Each spring, river herring populations migrate from Massachusetts coastal waters to start their annual journey up rivers and streams to freshwater spawning habitat. River herring have faced severe population declines over the past several many years, and their migration is extensively monitored across the region, primarily through traditional visual counting and volunteer-based programs.
Monitoring fish movement and understanding population dynamics are essential for informing conservation efforts and supporting fisheries management. With the annual herring run getting underway this month, researchers and resource managers once more tackle the challenge of counting and estimating the migrating fish population as accurately as possible.
A team of researchers from the Woodwell Climate Research Center, MIT Sea Grant, the MIT Computer Science and Artificial Intelligence Lab (CSAIL), MIT Lincoln Laboratory, and Intuit explored a brand new monitoring method using underwater video and computer vision to complement citizen science efforts. The researchers — Zhongqi Chen and Linda Deegan from the Woodwell Climate Research Center, Robert Vincent and Kevin Bennett from MIT Sea Grant, Sara Beery and Timm Haucke from MIT CSAIL, Austin Powell from Intuit, and Lydia Zuehsow from MIT Lincoln Laboratory — published a paper describing this work within the journal this February.

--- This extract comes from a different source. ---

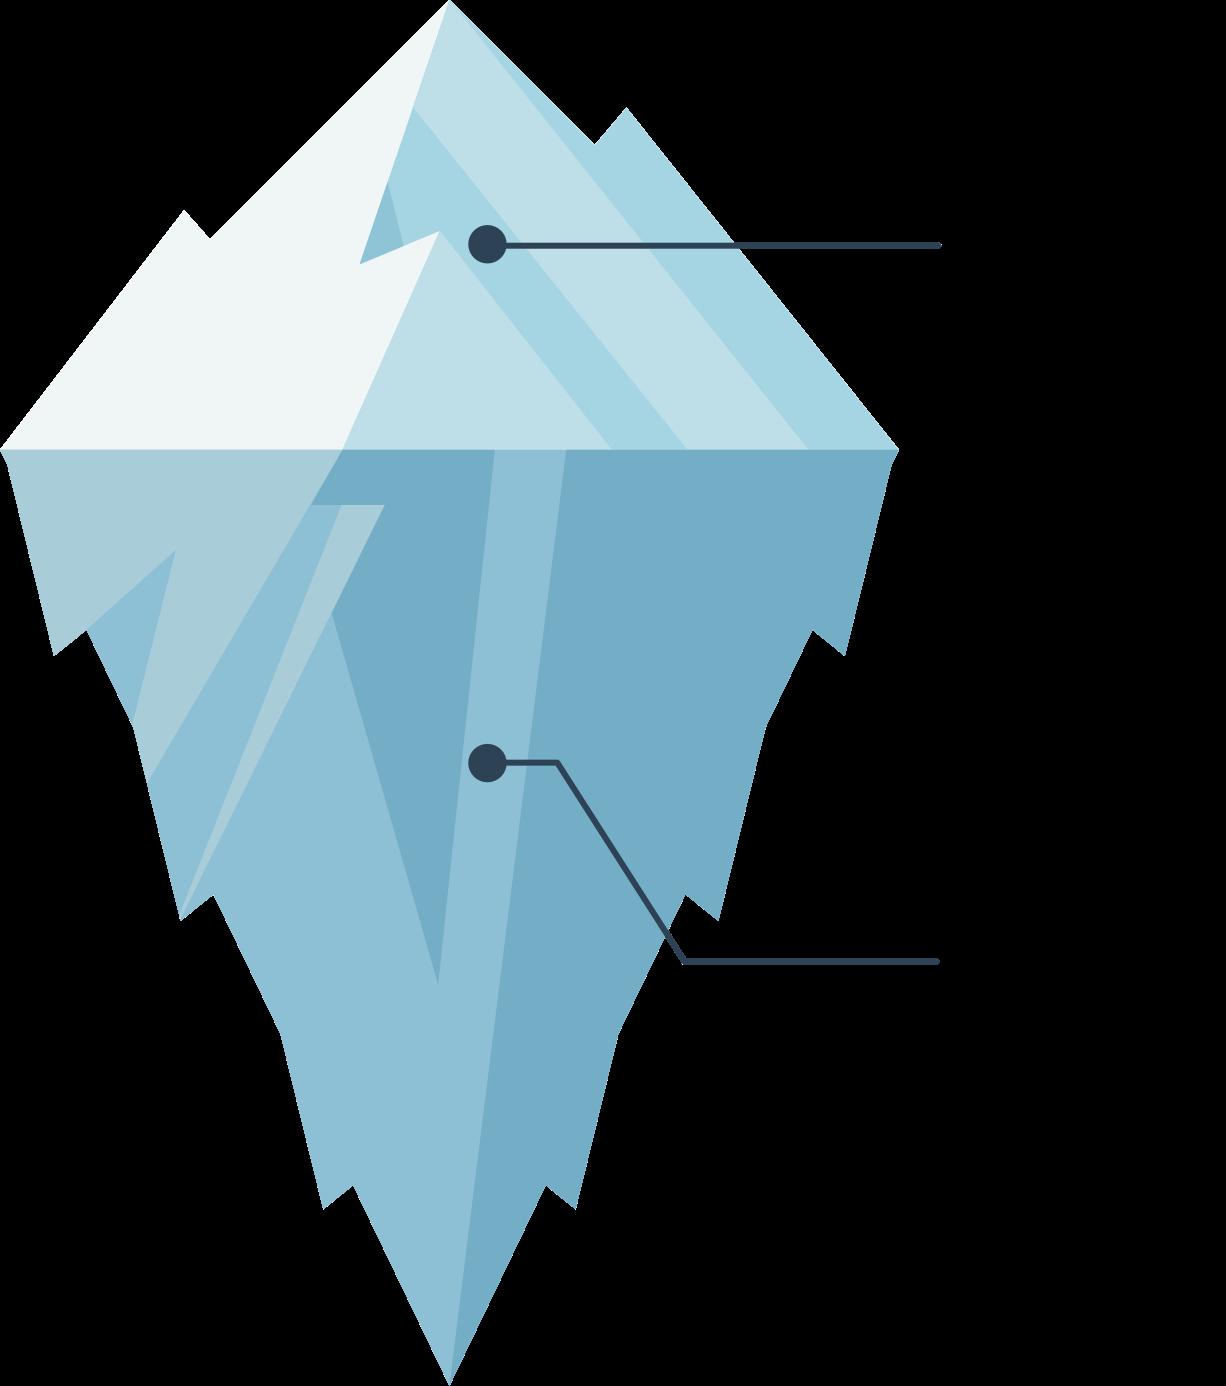 The Advantic Iceberg
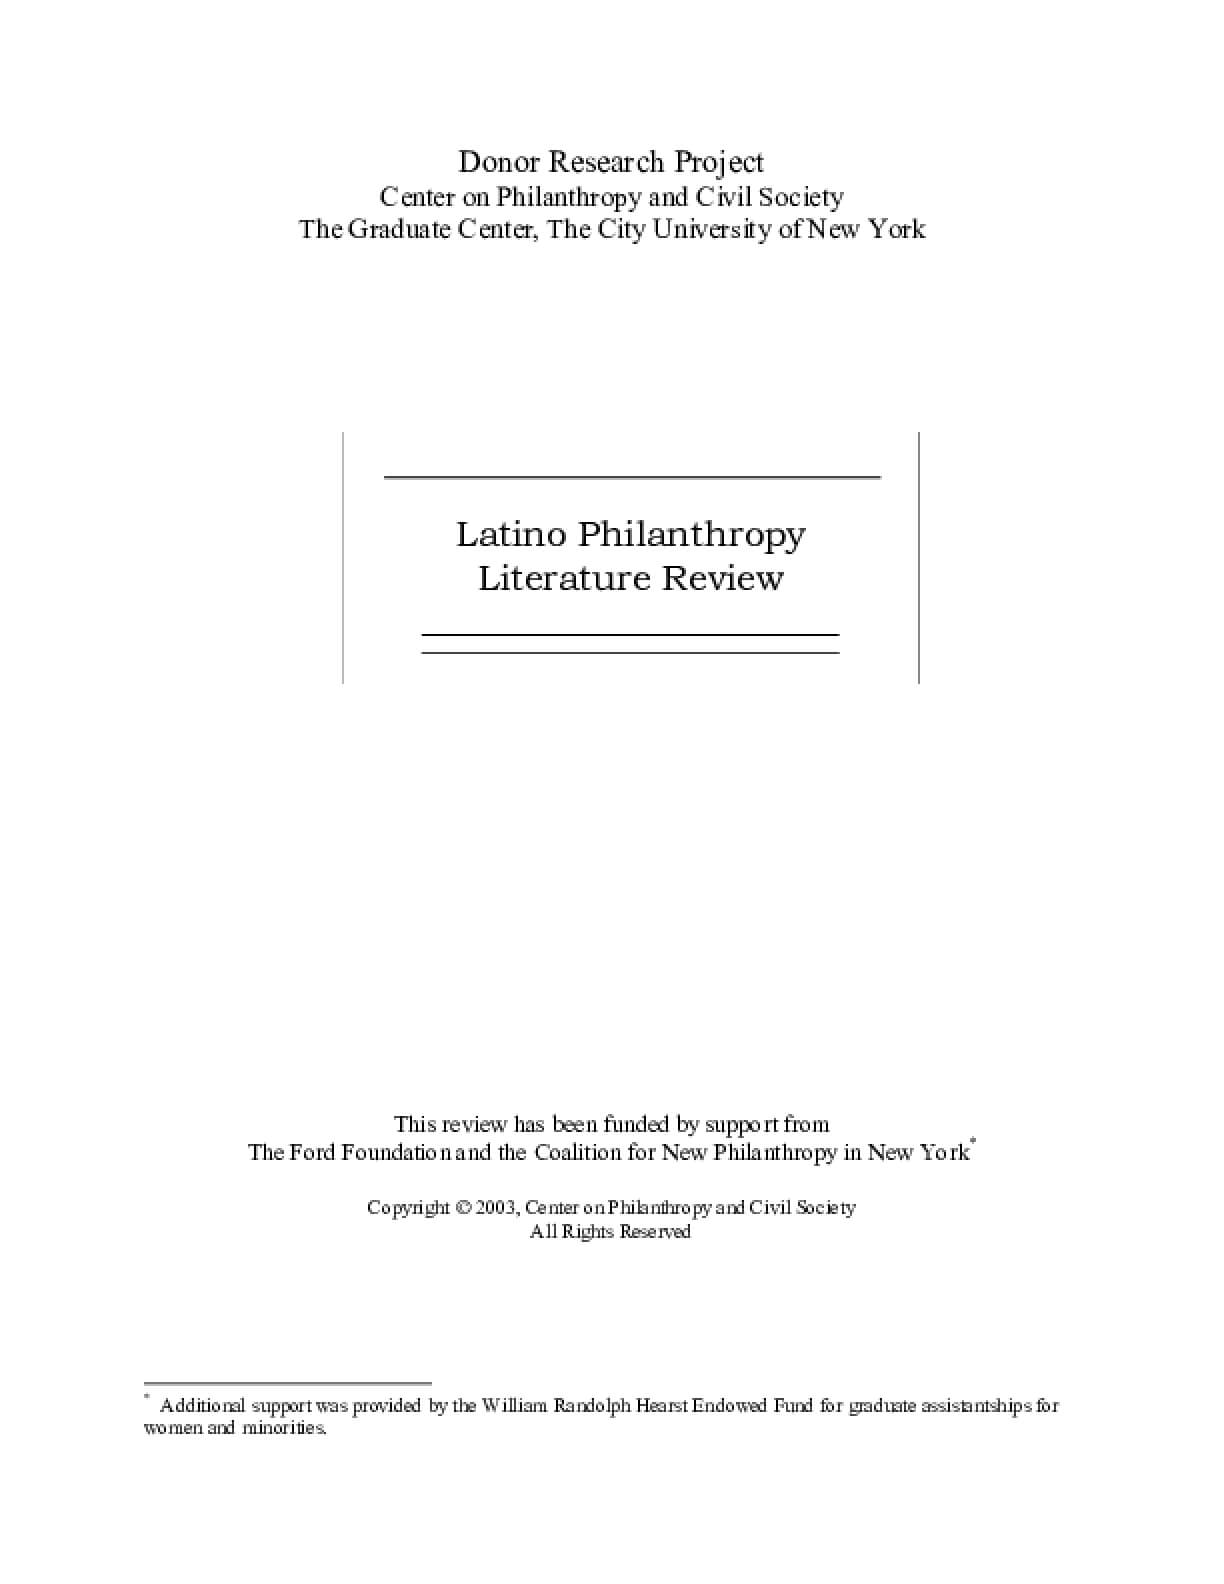 Latino Philanthropy: Literature Review

The open-access paper, “From snapshots to continuous estimates: Augmenting citizen science with computer vision for fish monitoring,” outlines how recent advancements in computer vision and deep learning, from object detection and tracking to species classification, offer promising real-world solutions for automating fish counting with improved efficiency and data quality.
Traditional monitoring methods are constrained by time, environmental conditions, and labor intensity. Volunteer visual counts are limited to temporary daytime sampling windows, missing nighttime movement and short migration pulses, when a whole lot of fish pass by inside the span of a number of minutes. While technologies like passive acoustic monitoring and imaging sonar have advanced continuous fish monitoring under certain conditions, essentially the most promising and low-cost option — manual review of underwater video — remains to be labor-intensive and time-consuming. With the growing demand for automated video processing solutions, this study presents a scalable, cost-effective, and efficient deep learning-based system for reliable automated fish monitoring.
The team built an end-to-end pipeline — from in-field underwater cameras to video labeling and model training — to attain automated, computer vision-powered fish counting. Videos were collected from three rivers in Massachusetts: the Coonamessett River in Falmouth, the Ipswich River (Ipswich), and the Santuit River in Mashpee.
To arrange the training dataset, the team chosen video clips with variations in lighting, water clarity, fish species and density, time of day, and season to be certain that the pc vision model would work reliably across diverse real-world scenarios. They used an open-source web platform to manually label the videos frame-by-frame with bounding boxes to trace fish movement. In total, they labeled 1,435 video clips and annotated 59,850 frames.
The researchers compared and validated the pc vision counts with human video reviews, stream-side visual counts, and data from passive integrated transponder (PIT) tagging. They concluded that models trained on diverse multi-site and multi-year data performed best and produced season-long, high-resolution counts consistent with traditionally established estimates. Going one step further, the system provided insights into migration behavior, timing, and movement patterns linked to environmental aspects. Using video from the 2024 Coonamesset River migration, the system counted 42,510 river herring and revealed that upstream migration peaked at dawn, while downstream migration was largely nocturnal, with fish utilizing darker, quieter periods to avoid predators.
With this real-world application, the researchers aim to advance computer vision in fisheries management and supply a framework and best practices for integrating the technology into conservation efforts for a wide selection of aquatic species. “MIT Sea Grant has been funding work on this topic for a while now, and this excellent work by Zhongqi Chen and colleagues will advance fisheries monitoring capabilities and improve fish population assessments for fisheries managers and conservation groups,” Vincent says. “It’s going to also provide education and training for college kids, the general public, and citizen science groups in support of the ecologically and culturally necessary river herring populations along our coasts.”
Still, continued traditional monitoring is crucial for maintaining consistency in long-term datasets until fisheries management agencies fully implement automated counting systems. Even then, computer vision and citizen science must be seen as complementary. Volunteers might be crucial for camera maintenance and for contributing on to the pc vision workflow, from video annotation to model verification. The researchers envision that integrating citizen observations and computer vision-generated data will help create a more comprehensive and holistic approach to environmental monitoring.
This work was funded by MIT Sea Grant, with additional support provided by the Northeast Climate Adaptation Science Center, an MIT Abdul Latif Jameel Water and Food Systems seed grant, the AI and Biodiversity Change Global Center (supported by the National Science Foundation and the Natural Sciences and Engineering Research Council of Canada), and the MIT Undergraduate Research Opportunities Program.